Whenever I give an ass massage with a stern lecture on the negative economic consequences of tariffs or occasionally the merits of timing a network of traffic lights.
All the extra coding?
CMC fnord!
Did you at least get a happy ending?
I don’t care about your intentions. The ends justify the means.
What kind of a crack was that?
For pretty much the entire thread, I’ve been going “Ah, that guy got whooshed…oh wait…oh, I see it now!”
Me toot.
I sympathize. I can’t stand it when I get a lesson in how good god is while the chick is ripping a strip of wax off my ass crack.
In Australia, people *cared *whose ass it was, and *why *it was farting.
Hmm, come to think of it, she did say my diagnosis was that I talk like a fag, and my shit’s all retarded . . .
It’s embarrassing, really.
When you’ve got a free moment, could you do me a favor and jam your testicles in the toaster? That would be awesome, thank you so much.
[sub]Not that the rest of the puns in this thread aren’t terrible, but this is the only one that filled me with murderous rage. So…well done, I guess. You monster.[/sub]
Do you know the difference between peanut butter and jam?
I can’t peanut butter my testicles into your toaster.
Unauthorized Cinnamon You could very easily just tell her that politics makes you tense. Clench your muscles in that area every time she brings it up. 
She shouldn’t be talking about that kind of thing in a session anyway.
On the other hand though, it’s possible that the healthcare system in Australia isn’t that friendly to PT.
It’s worth a try.
:eek: There is absolutly nothing in that sentance that sounds plesant.
This thread immediately hit rock bottom. :smack:
My coworkers are all looking at me now because I just cracked up at this!

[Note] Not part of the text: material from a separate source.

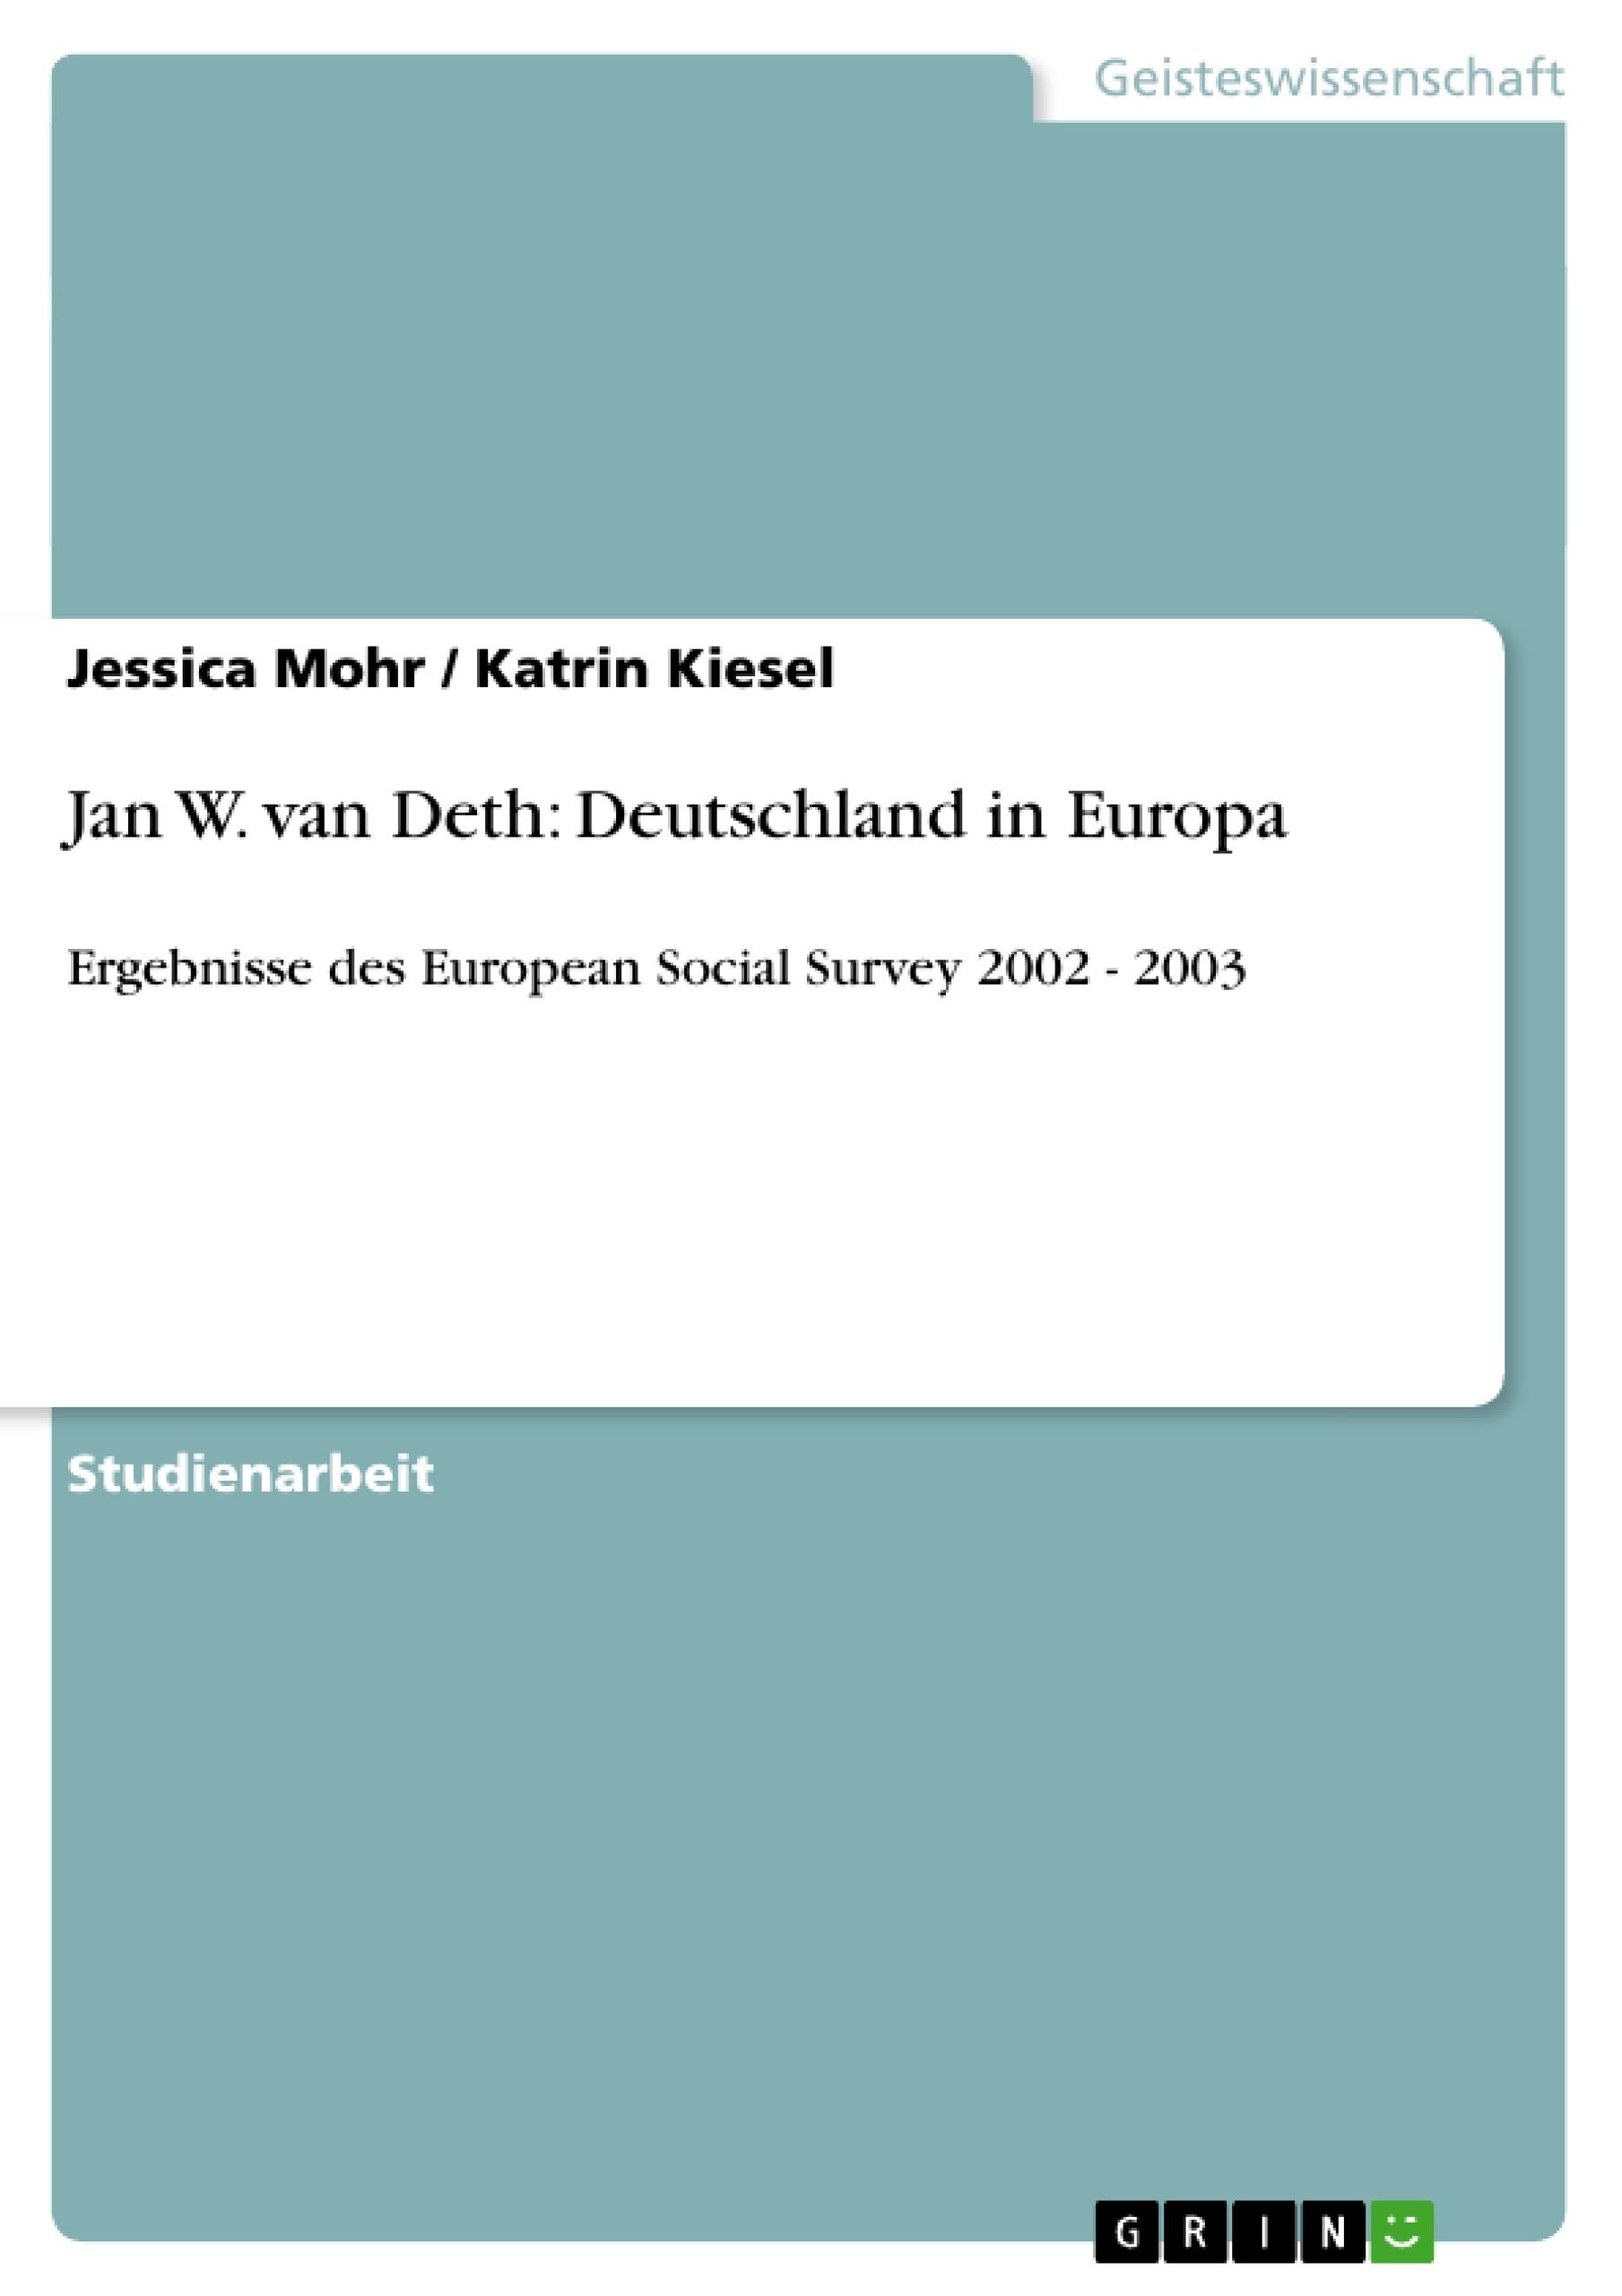 Titel: Jan W. van Deth: Deutschland in Europa

My husband is an Australian PT who has worked in both Australia and here in the U.S. (and trained in Australia). He very much prefers the healthcare system in Australia, both for his personal needs and as a therapist. There, people generally have physios they see as soon as they need care. Twist your ankle in a weekend footie match? Call your physio on Monday and they’ll treat you. You don’t need to be referred by a GP or orthopaedic doctor. He liked the fact that he got to see people right away instead of weeks after the injury occurred. I couldn’t give you exact details about payment issues, but from what I remember him saying about the practice he worked for in Australia is that people paid cash ($50/visit a couple years ago) and dealt with Medicare (the national health system) or their private insurance themselves. I know that here he’s constantly worried for patients because they have high co-pays or they’re struggling with their insurance companies.

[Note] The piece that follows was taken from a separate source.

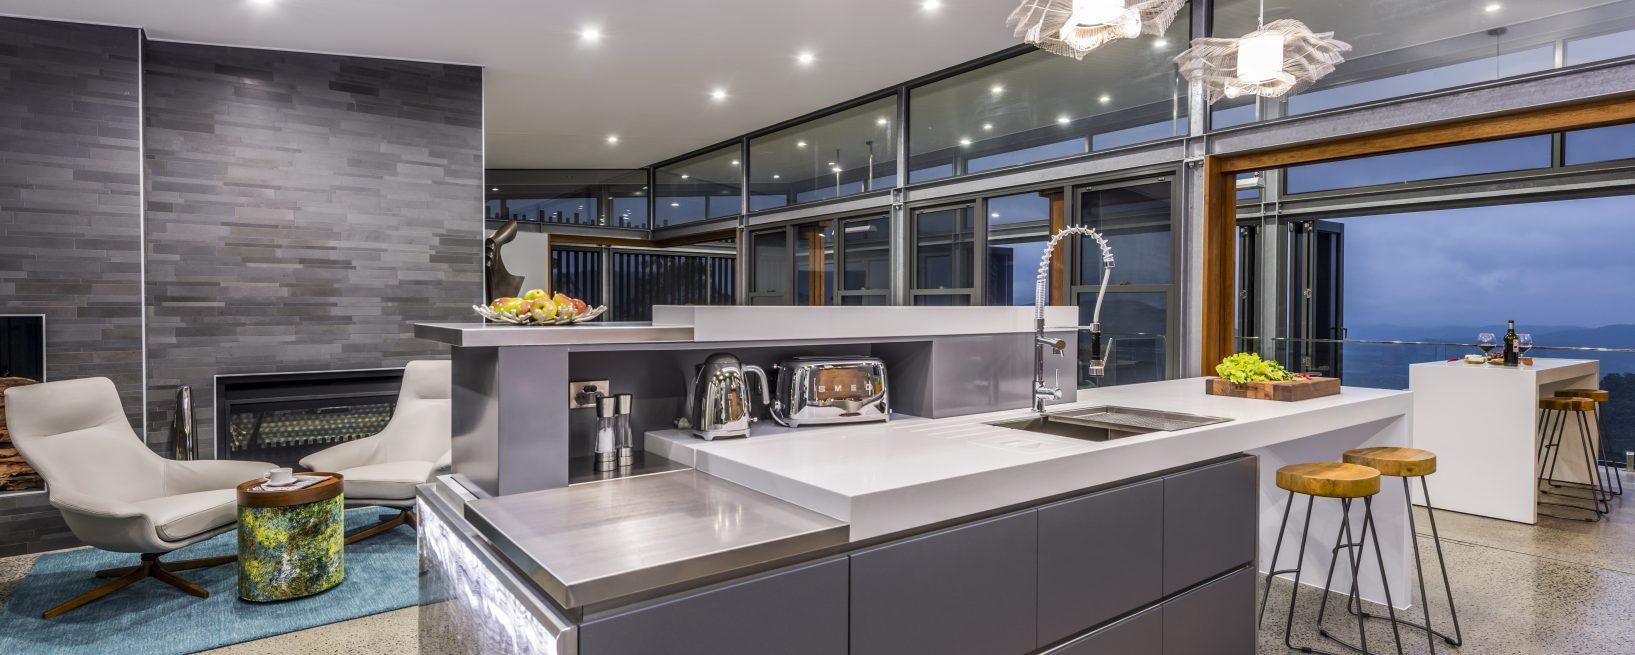 Mount Nebo - New Kitchen

Regarding the political talk, I also know that my husband talks about all sorts of stuff with his patients, including politics. He comes from the opposite viewpoint as UC’s PT, and he comes home with all sorts of stories about the conversations he’s had (he doesn’t divulge confidential information). Last week, someone gave him the new Glenn Beck book to read. He’s had Bibles given to him, people ask him what church he goes to, and many conversations about health care and other political issues. He tries to feel people out before he gets into it and he’s a pretty easygoing, tactful guy, but a lot of his patients do like to talk about that stuff and when you’re seeing people several times a week, sometimes for months, you do tend to have a different relationship with them than you do in other professional situations.
I had a similar situation when I was buying ice cream. The store owner was just chatting about how her daughter was going to apply for medical school, but she (the owner) didn’t think it was worth it to become a doctor these days because 'With Obama in office socialized medicine is coming and doctors won’t be payed hardly anything anymore."
Just sell me the ice cream and stop the politics.
The correct response to his statement is to cry out “From your lips to God’s ears!” with great and genuine enthusiasm. The genuiner the better.